“The First Lady of the Law”

– Mabel Walker Willebrandt

220px-Mabel_Willebrandtby Spencer Howard

For much of the Prohibition Era (1920-1933), the most prominent Prohibition enforcement official was also the highest ranking woman in three presidential administrations — Assistant Attorney General Mabel Walker Willebrandt.  Appointed by President Harding in 1921, Willebrandt prosecuted Prohibition cases and tax fraud, and oversaw Federal prisons.  In her eight years on the job, Willebrandt became the byword for zealous enforcement of Prohibition, the shining Joan of Arc for the “dry” forces throughout the country.  A 1924 article in Collier’s noted, “I know a way to make a ‘wise’ bootlegger in the United States shiver in his boots. How? Easy! Just slip up behind him and whisper, ‘Mrs. Willebrandt is after you.'”

Ironically, she did not personally support Prohibition, but once assigned to the task, she worked tirelessly for enforcement.  Beginning with three assistants, she eventually built a staff of 100.  Much of the enforcement activity throughout the country, especially at the state and local levels, focused on the final suppliers of illegal drinks – speakeasies, backyard distilleries, or the rum-runners’ delivery boys.  Willebrandt believed that the more effective approach was to go after the bootlegging rings and organized crime that supplied the lion’s share of the illegal booze.  In 1927 she successfully argued before the Supreme Court that income from illegal activities should be subject to income tax, which opened the door for tax evasion cases against some of the biggest gangsters, such as Al Capone.  Despite numerous well-publicized successful prosecutions, Willebrandt felt hamstrung by lack of resources and lack of coordination with law enforcement agencies.

In the 1928 campaign, Willebrandt backed then-Secretary of Commerce Herbert Hoover for President.  Hoover was viewed skeptically by both “drys” and “wets” for refusing to commit to either stronger enforcement or repeal of Prohibition (he promised to create a commission to study the issue), and Willebrandt’s endorsement was crucial for securing “dry” votes throughout the country.  Exasperated with the status quo, she hoped Hoover would consolidate all Federal agencies for Prohibition enforcement under one roof, perhaps under her leadership.  But her real ambition was to be appointed to a Federal judgeship and retire from the Prohibition limelight.

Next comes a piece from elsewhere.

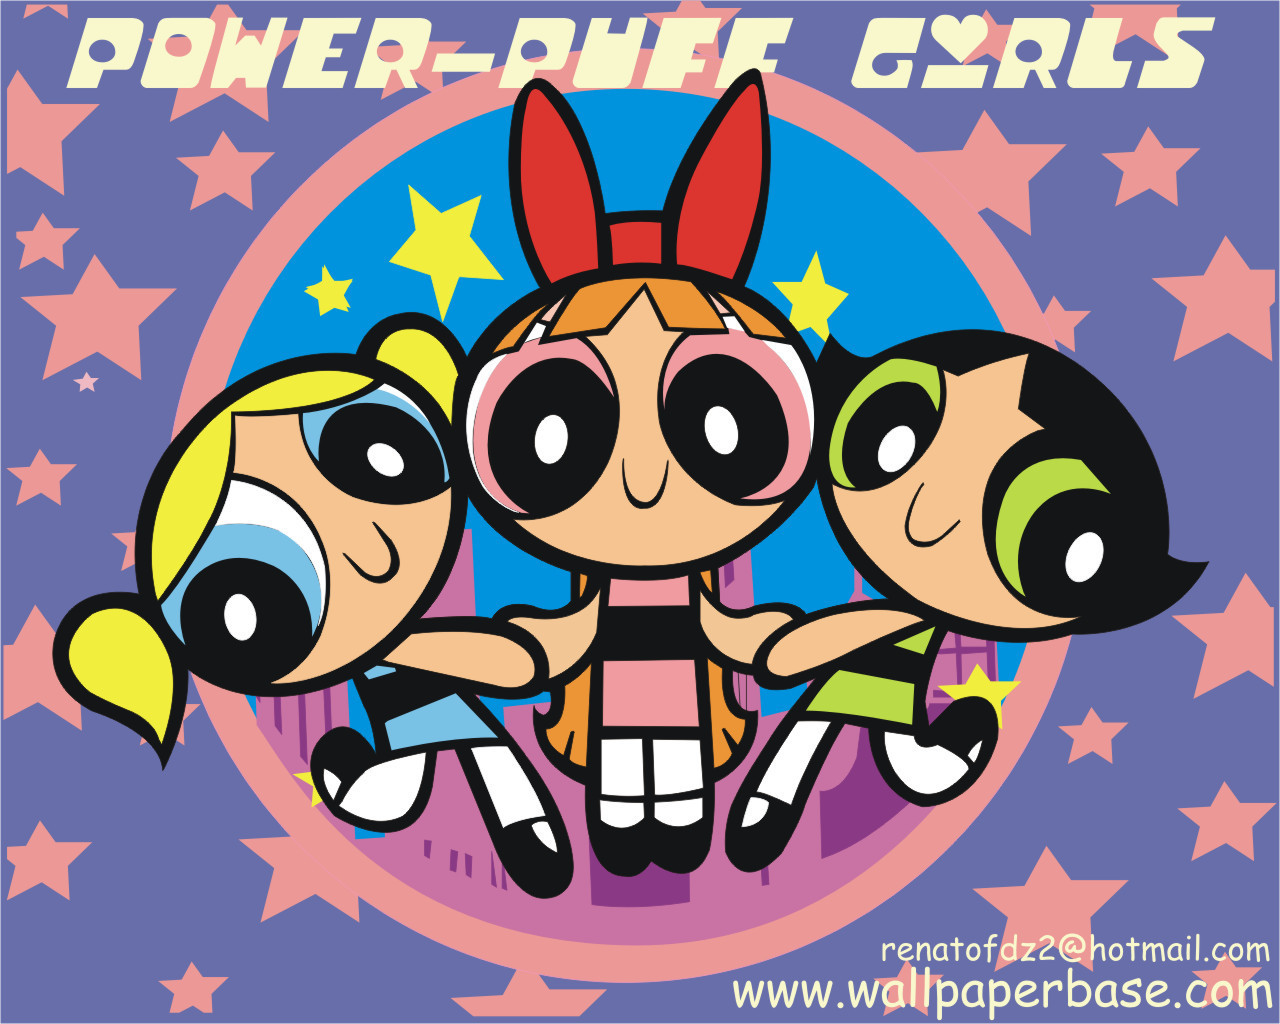 Powerpuff girls

Upon entering the White House in 1929, President Hoover received hundreds of letters urging him to retain Willebrandt, or to increase her Prohibition enforcement powers.  One woman, writing from New Jersey, exclaimed, “There are millions of law abiding citizens who…pin their faith to Mabel Walker Willebrandt.”  There was even talk that she should be Attorney General (which would have made her the first woman to hold a cabinet post – that distinction would later go to Frances Perkins, FDR’s Secretary of Labor) but her prominent association with such a politically divisive issue made that impossible.  Instead, Hoover appointed former Solicitor General William D. Mitchell, a brilliant lawyer with no overt connection to either the “wets” or the “drys.”

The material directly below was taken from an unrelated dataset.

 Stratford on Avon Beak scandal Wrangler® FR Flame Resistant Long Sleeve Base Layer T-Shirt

Hoover retained Willbrandt as an Assistant Attorney General, but she did not want to stay on the job and repeatedly offered to resign.  It was clear that there would be no major reorganization of Prohibition enforcement until Hoover’s Prohibition commission (chaired by George Wickersham) completed its work.  She was also unhappy working under Mitchell, who she thought was a poor administrator, and her political notoriety made a judicial appointment from President Hoover unlikely.  In May 1929 she was offered a lucrative position as legal counsel for the Aviation Corporation (a precursor to American Airlines) and again submitted her resignation.  Hoover accepted her resignation with a public statement of regret and lofty praise for her “distinguished success” and “real courage.”

A few weeks later, Willebrandt wrote a series of articles that were carried in major newspapers throughout the country (and later published as a book) under the heading “The Inside of Prohibition.”  Her tell-all memoir of Prohibition enforcement was intended to persuade the nation that effective Prohibition enforcement was possible with better policies and more resources.  Instead, her account added fuel to the political fire, persuading “wets” that Prohibition had spawned a wasteful and corrupt bureaucracy, and was fundamentally unenforceable at the Federal level.

After retiring from the Justice Department, Willebrandt enjoyed a successful 30-year career in private practice.  She remained on friendly terms with President and Mrs. Hoover and with many of her former Washington colleagues, and continued to advocate publicly for more effective enforcement of Prohibition.  With the repeal of Prohibition in 1933, the one-time “First Lady of the Law” and most powerful woman in Washington faded, with some contentment, into obscurity.